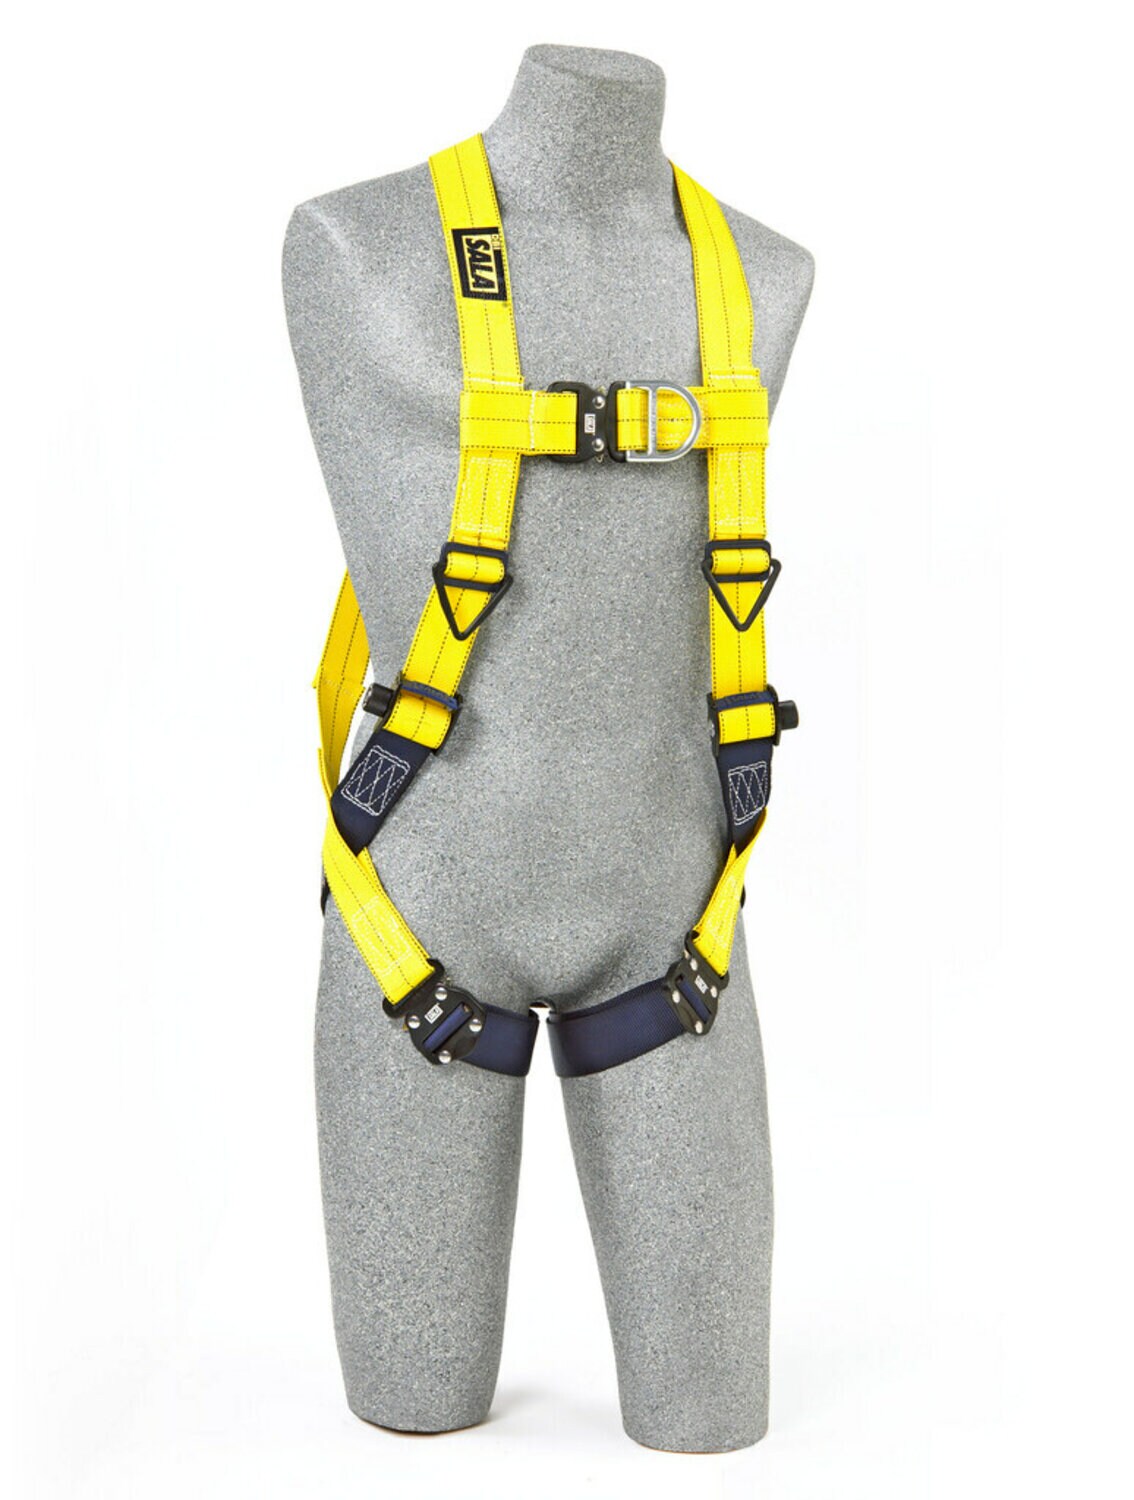 7012815345 - 3M DBI-SALA Delta Vest Climbing Safety Harness 1102093, 3X
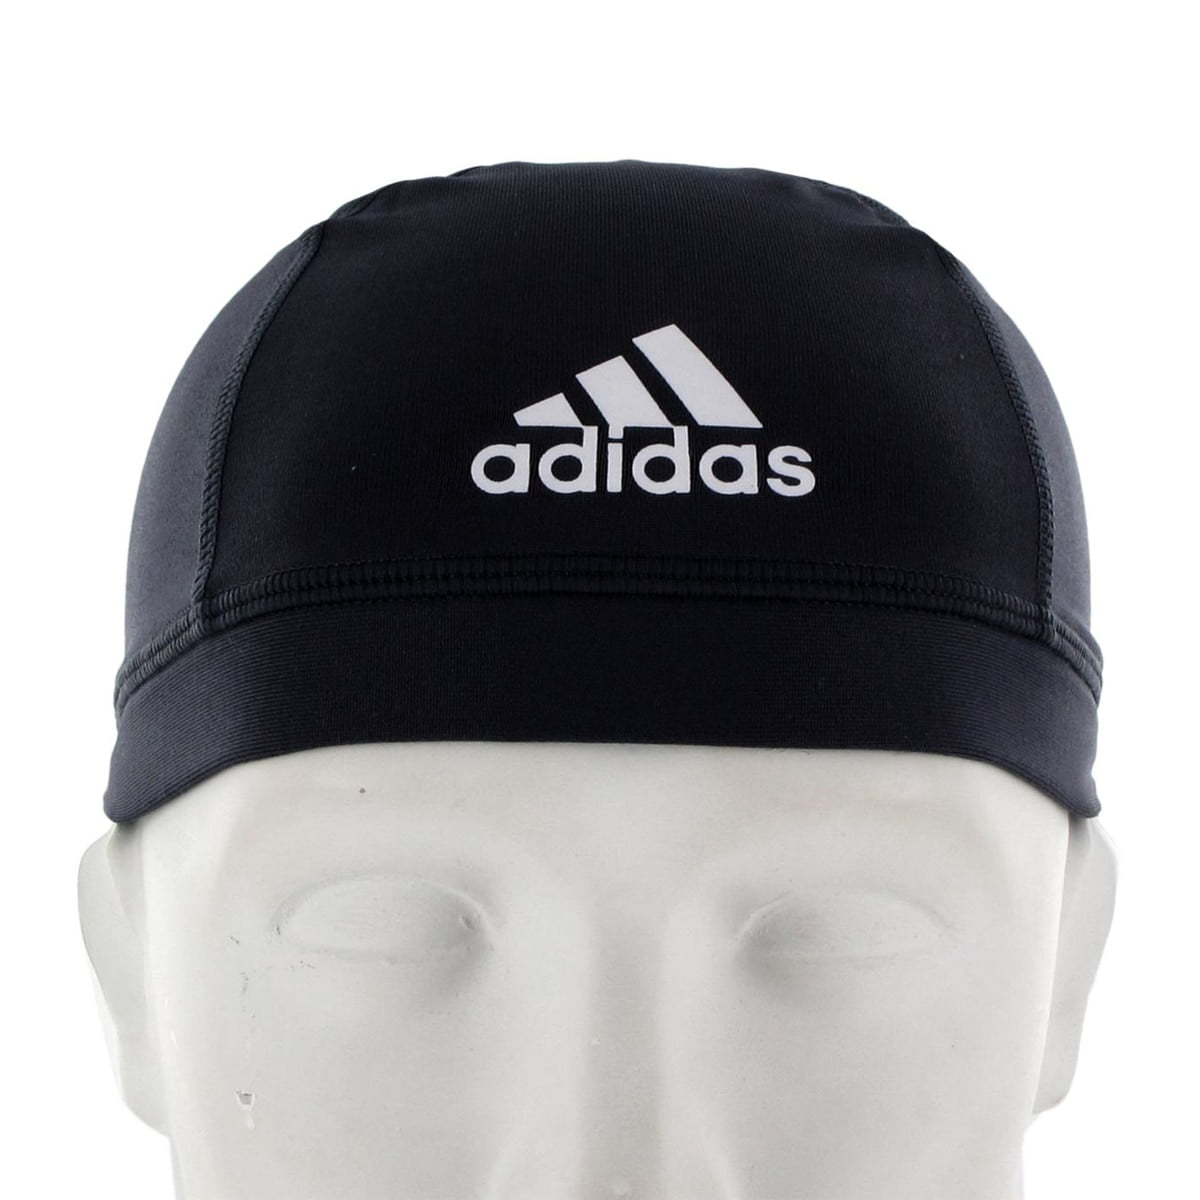 adidas money football headband
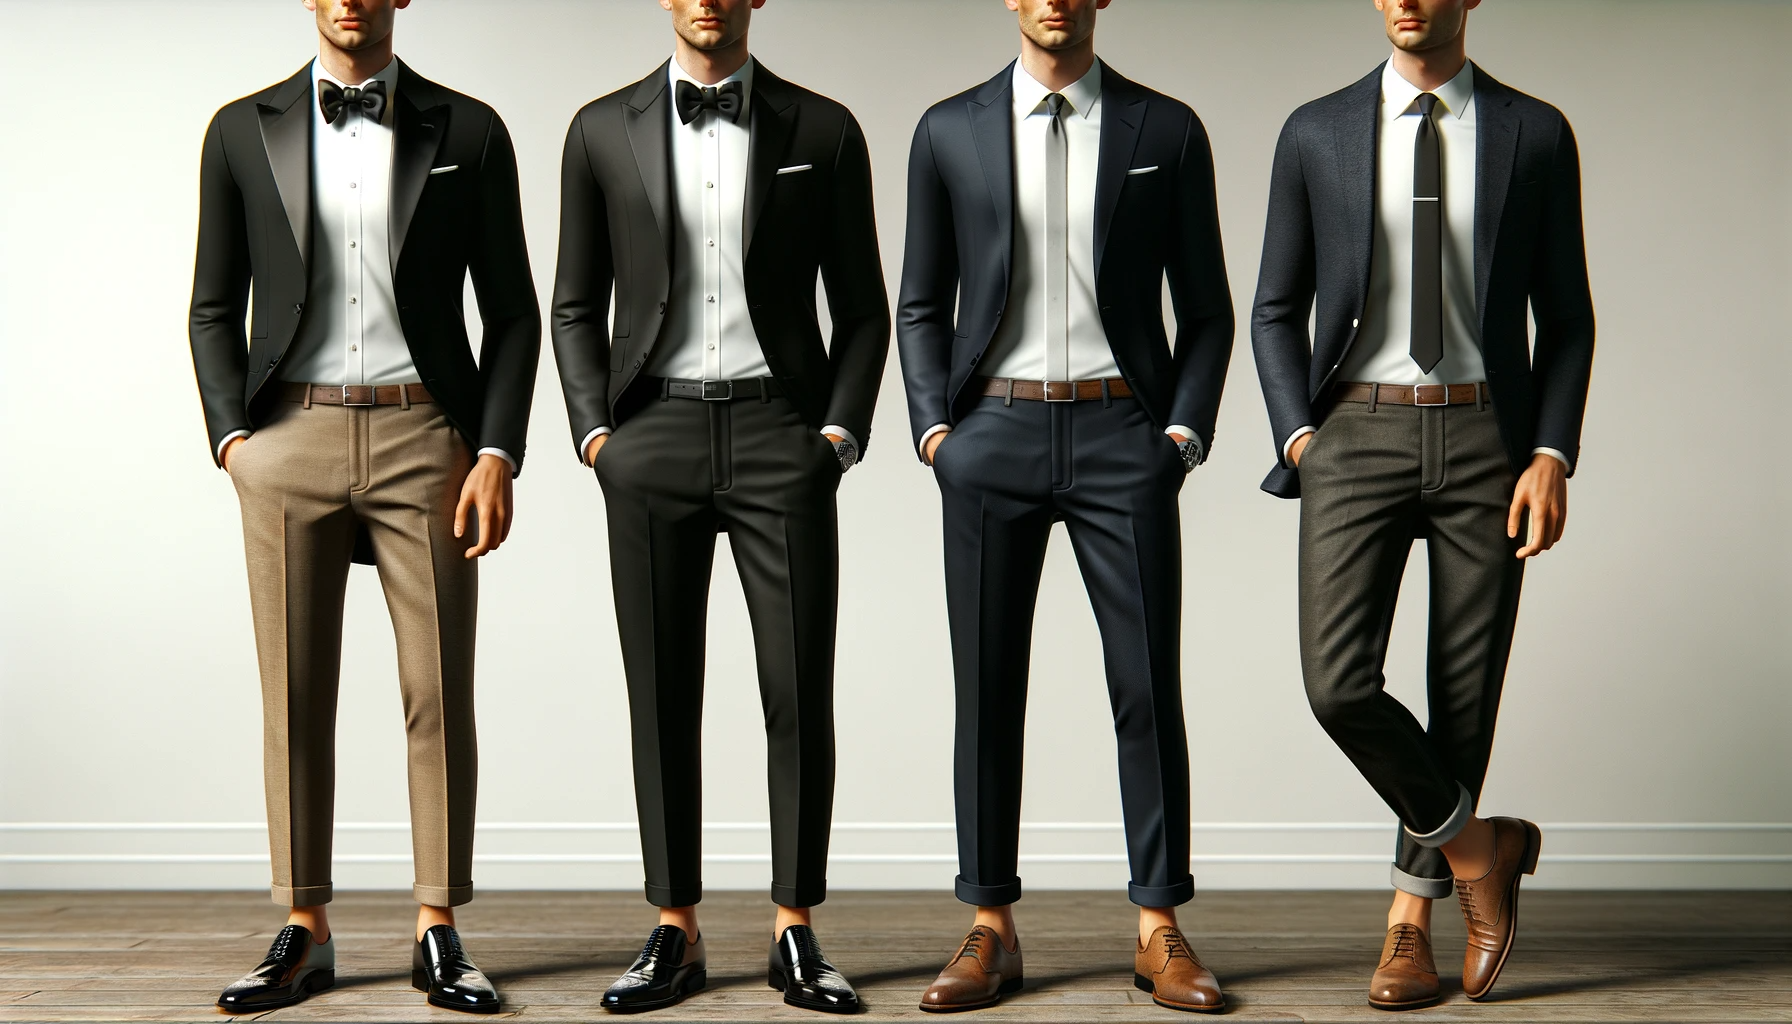 Understanding Dress Codes: Black Tie vs Formal vs Casual
┄┄┄┄┄┄┄┄┄┄┄┄┄┄┄┄┄┄┄┄
Task statement: A verbatim rendering of the listing above is required, without any of its pictures.

Final answer:
 7012815345 - 3M DBI-SALA Delta Vest Climbing Safety Harness 1102093, 3X
 adidas money football headband
 Understanding Dress Codes: Black Tie vs Formal vs Casual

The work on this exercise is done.